0

I'm writing a script that needs to look up some a value in a CSV file. The CSV file is from an external resource and I don't have much control about the file. So basically, I need to work with the CSV file that is presented to me and I need to deal with that.

Now when I read the CSV file (containing 30.000 rows at the moment), the script crashes at a certain point.

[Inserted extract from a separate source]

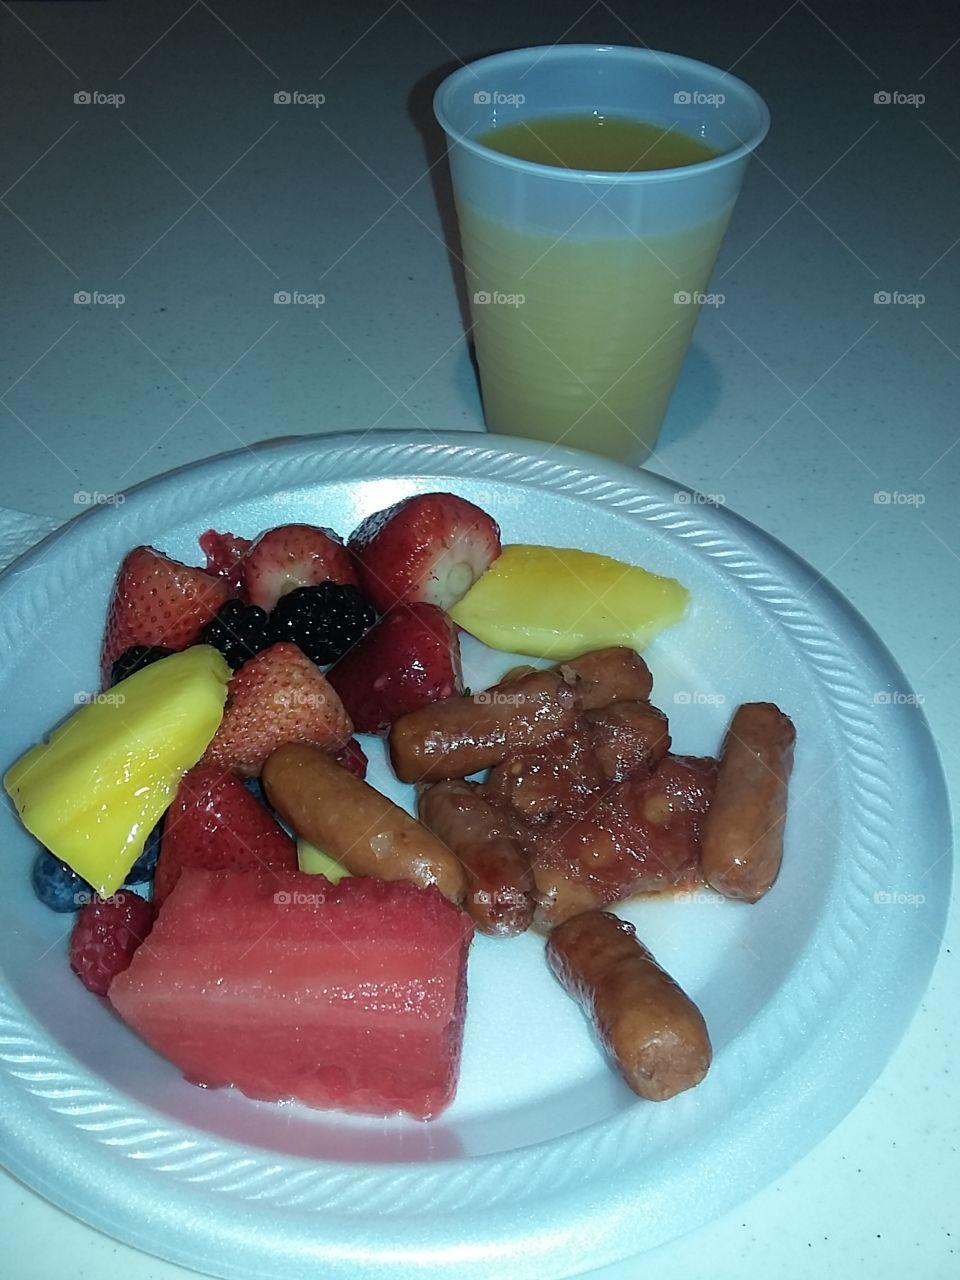 Church breakfast.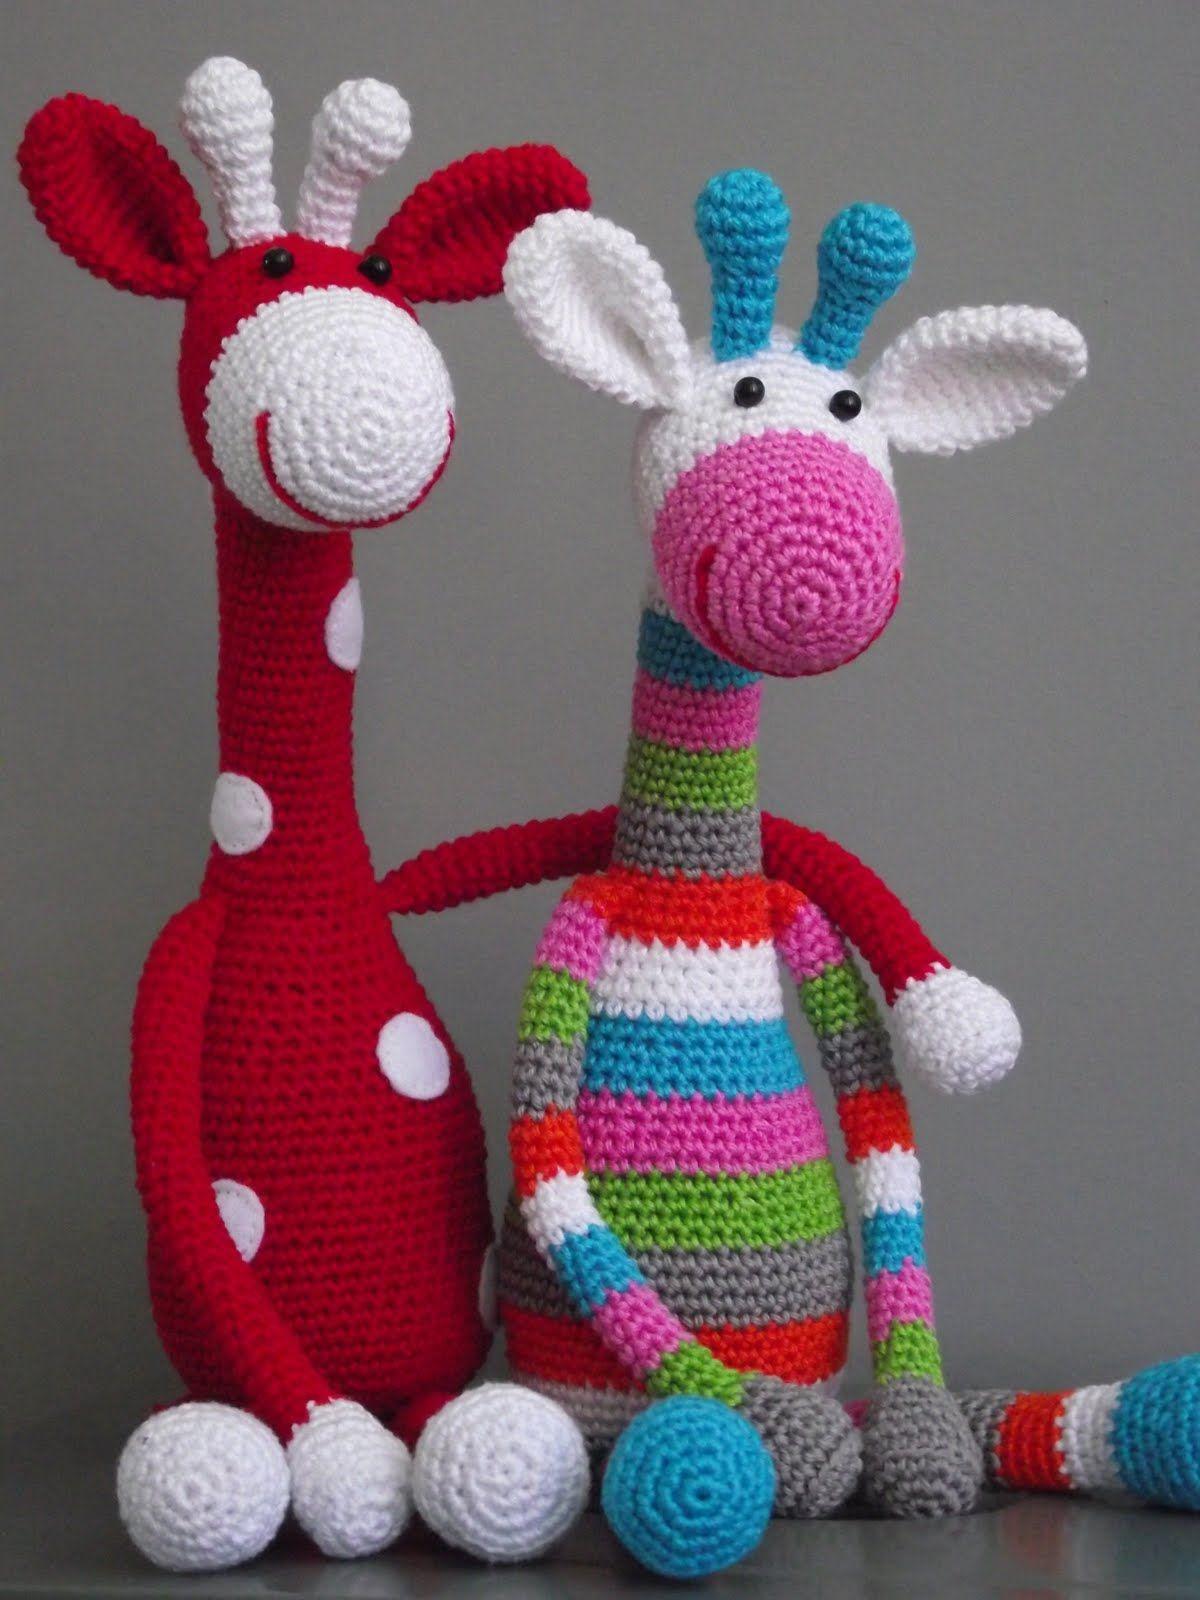 Girafa amigurumi- girafa crochê (com imagens)   Girafa, Amigurumi ...   1600x1200

It returns this error:

File "C:\Python34\lib\encodings\cp437.py", line 19, in encode
  return codecs.charmap_encode(input,self.errors,encoding_map)[0]
UnicodeEncodeError: 'charmap' codec can't encode character '\u0161' in position 55: character maps to <undefined>

My python code for reading the CSV file:

import csv
with open('mybigfile.csv') as f:
    reader = csv.reader(f, delimiter=';')
        for row in reader:
            print(row)

How would I be able to fix this so it can handle the encoding of the file.

Timo002
  • 3,138
  • 4
  • 40
  • 65
  • Your problem is with **printing**, not reading. This is why you need to include the full traceback; it'd have shown you that the `print(row)` line is the problem here, not the `for row in reader:` line. – Martijn Pieters Nov 10 '14 at 15:49
  • @MartijnPieters, oke. but When I don't print anything and do a compare of a column from the CSV file with an internal variable I'm also getting decoding errors (not encoding) – Timo002 Nov 10 '14 at 15:52
  • You are then stuck with having to know the codec used. It doesn't matter if the file is a CSV or anything else; you'll either need to specify the correct codec or use the `errors` argument when opening the file to specifically ignore decoding errors. – Martijn Pieters Nov 10 '14 at 15:53
  • There are Python codec detection libraries (such as `chardet`) but those are not a panacea either. Nothing beats knowing the actual codec used. – Martijn Pieters Nov 10 '14 at 15:54
  • I know in PHP it is possible to detect the encoding, is that possible in Python to? – Timo002 Nov 10 '14 at 15:55
  • PHP can make an educated **guess** at the encoding. `chardet` can guess too. – Martijn Pieters Nov 10 '14 at 15:57

0 Answers0